*INSTRUCTIONS TO FOLLOW:* Write out the material below again, line for line, without any images.

*RECORDED INFORMATION:*
===

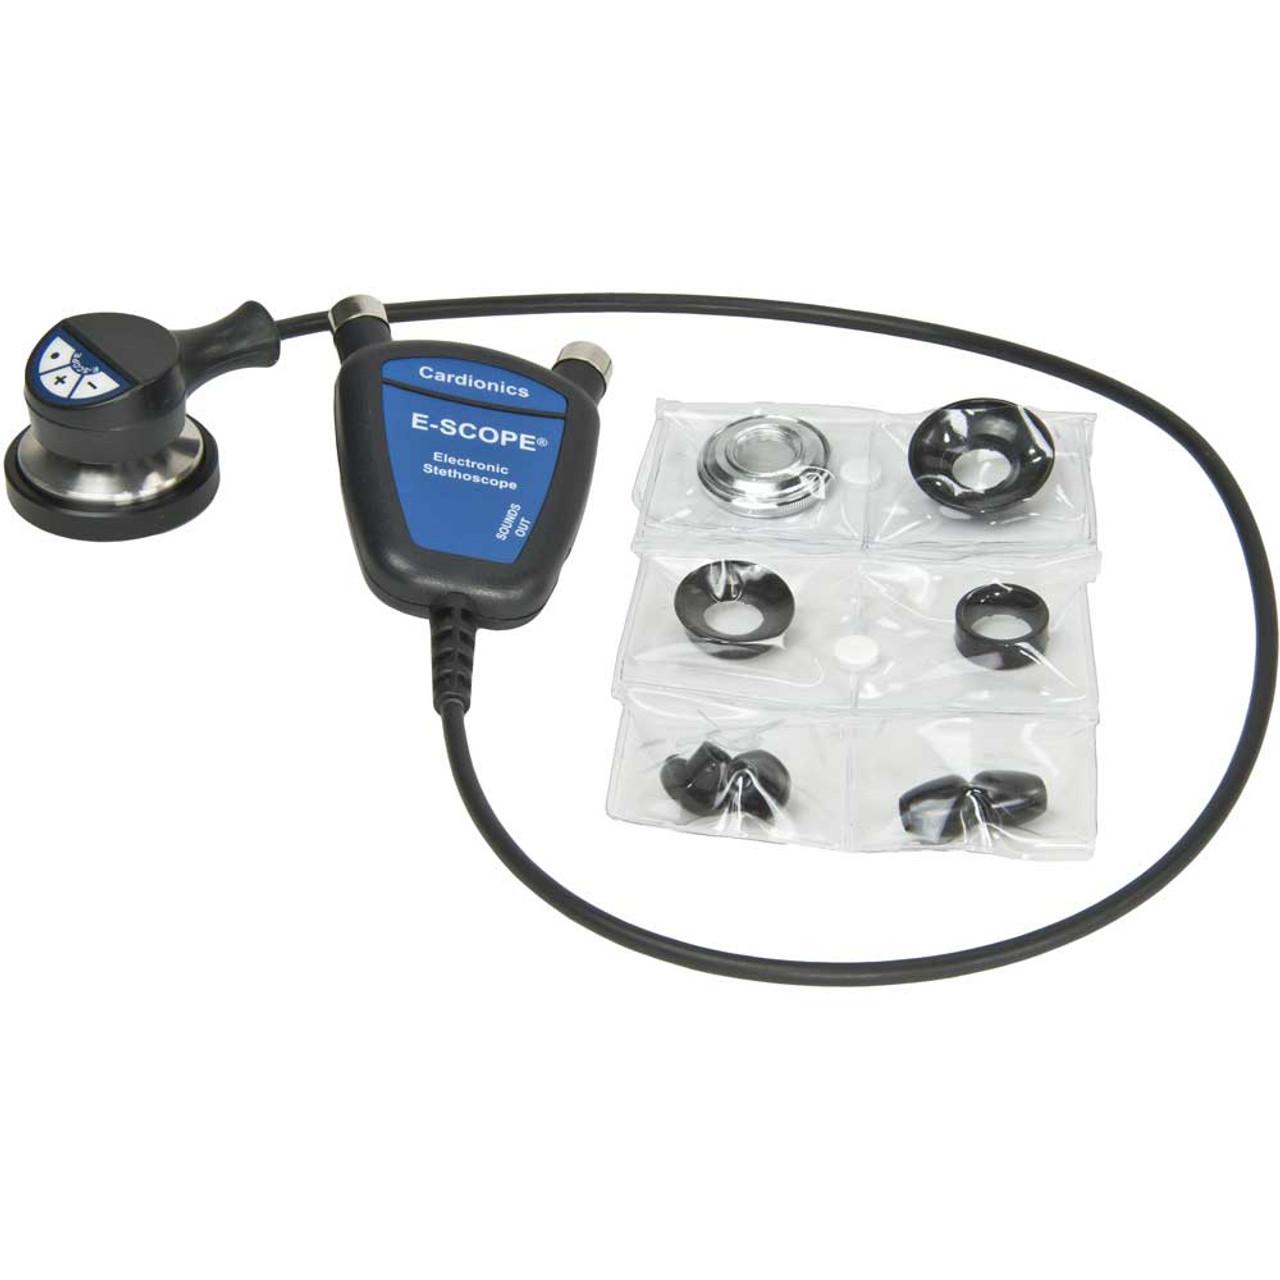 Cardionics E-Scope II Headphone Model
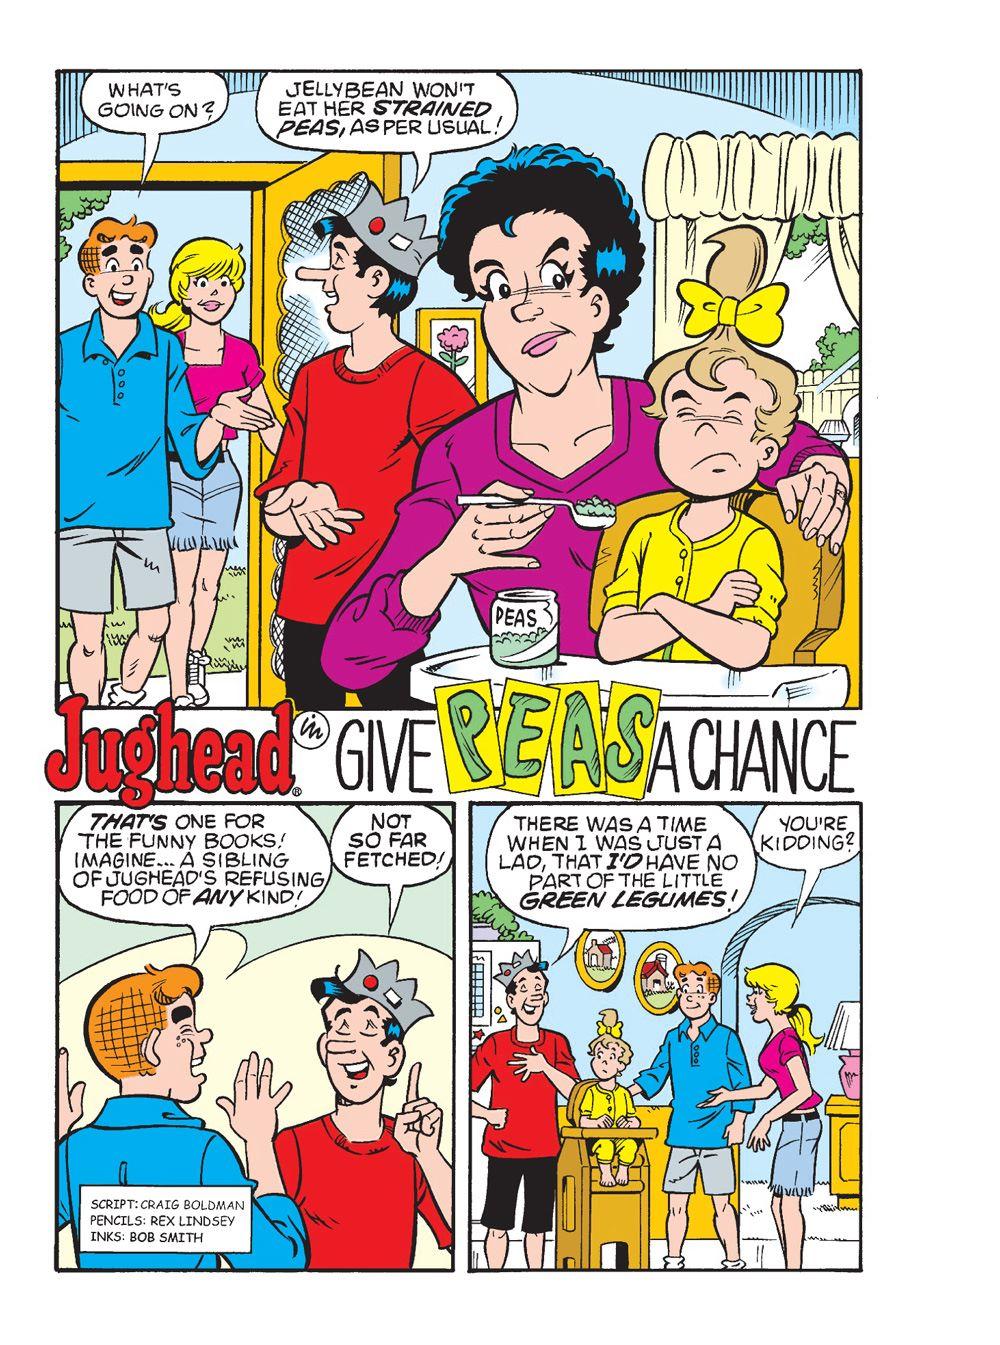 ArchieShowcaseDigest_04-170 ComicList Previews: ARCHIE SHOWCASE DIGEST #4
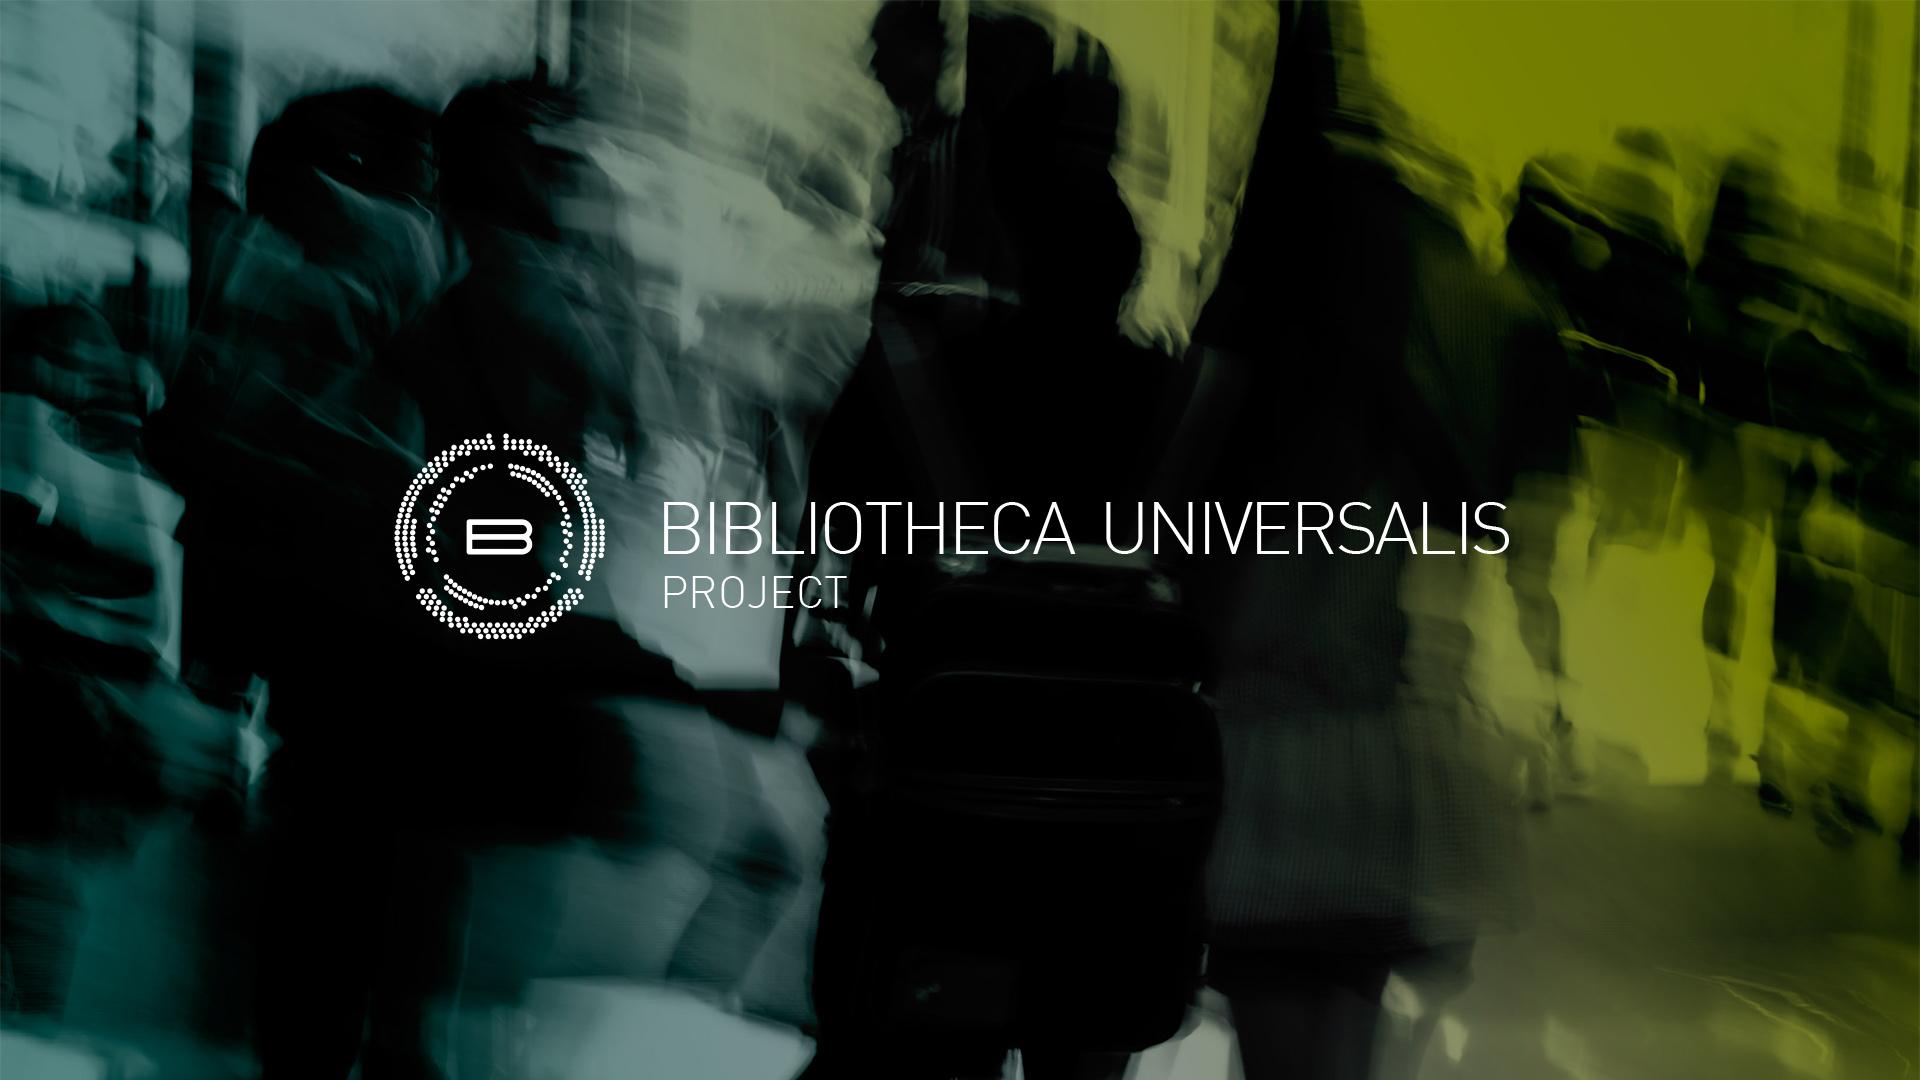 Bibliotheca Universalis Project

===

*YOUR RESPONSE:*
 Cardionics E-Scope II Headphone Model
 ArchieShowcaseDigest_04-170 ComicList Previews: ARCHIE SHOWCASE DIGEST #4
 Bibliotheca Universalis Project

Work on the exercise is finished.